Get on where? To find some other house to break into? I reckon not.

Just let me pay for this mess, and I’ll get on out of the way.

Oh, you’ll pay, all right. I’m still studyin on that one. In good time maybe you’ll go. Why do you think a feller would leave his sister in a fix like that and run just worryin about
hisself?

I don’t know, Tyler said.

The old woman’s eyes had turned hard and bitter. Whiskey, she said contemptuously. I wonder when folks’ll ever learn that more comes out of a whiskey bottle than card games and loose women.

Something in her vindictive tone made Tyler ask, Was your man a drinker?

Cecil was a Church of Christ preacher, she said, as if oneprecluded the other.

Anyway, I got to go.

She seemed to have come to some decision. You aim to paint that Delco before you go anywhere, she said.

That what?

That Delco. It don’t make the lights anymore, but I want it painted anyway. Things is went down around here without a man on the place. Cecil painted it ever year right up till the year he died. It quit right after that, too. Ain’t that peculiar?

I don’t even know what one is.

You just before findin out. Sack that stuff back up, and after that Delco’s painted you can have it and be gone with ye.

They went down a narrow corridor that smelled of time and solitude. Tyler could see into rooms piled nigh to the ceiling with mounded clothing and stacked newsprint. As if she expected to live forever and had laid by a permanent supply of raiment and reading matter.

She kept prodding him with the gun. Quit that, he said. I can walk without being shoved along with a shotgun.

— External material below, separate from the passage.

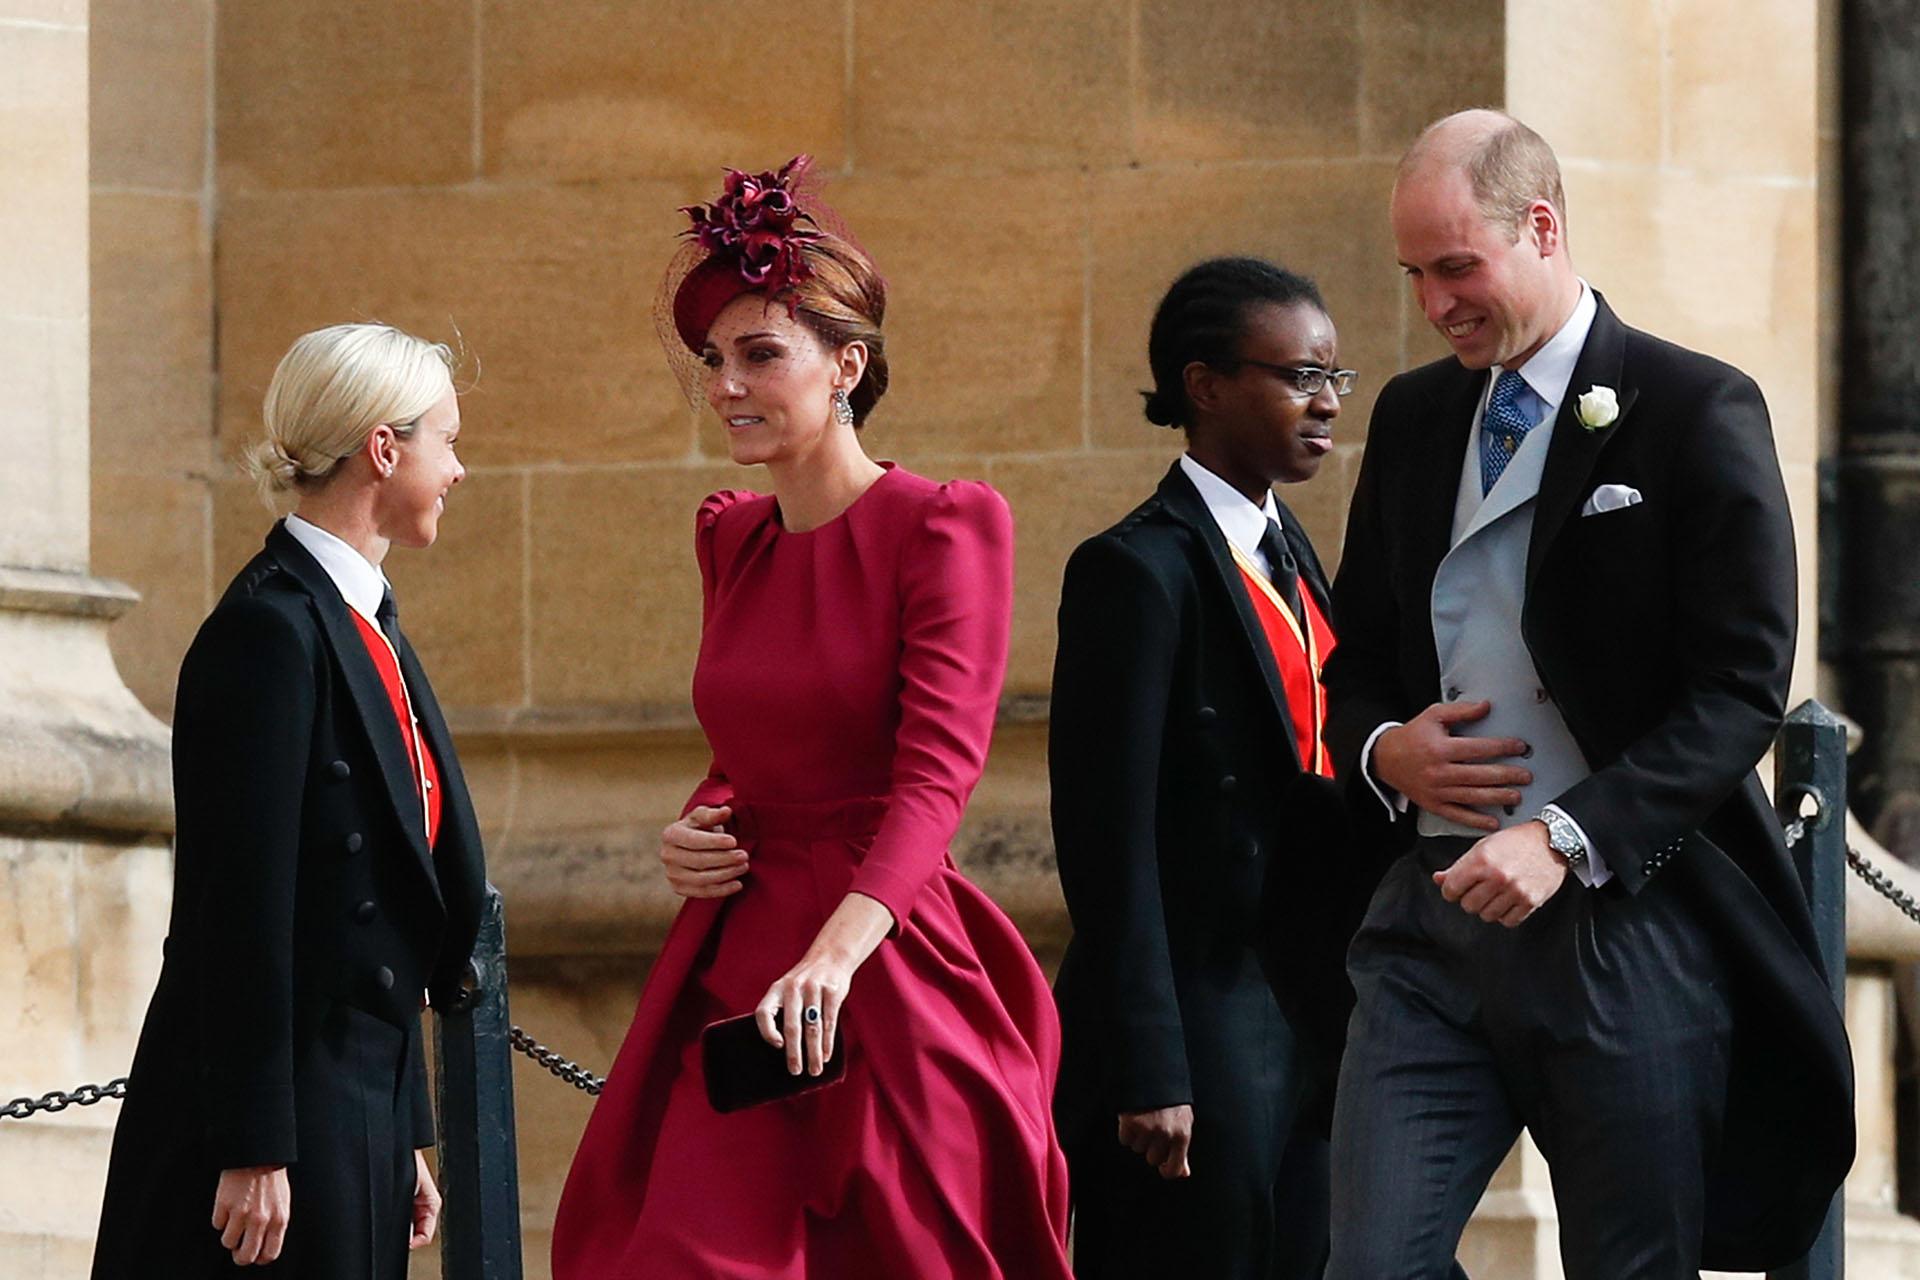 Los Duques de Cambridge, Kate Middleton y William

Stop and study this picture, she told him.

She gestured wallward with the barrel of the shotgun. You
might learn something, she said. You might learn ever act you commit moves you one way or the other. Towards Heaven or towards Hell. Hadn’t you rather be moving towards Heaven as the other place? Study this picture. If you wind up down there roastin in Hell rollin and tumbling in them hot coals it won’t be for lack of bein told.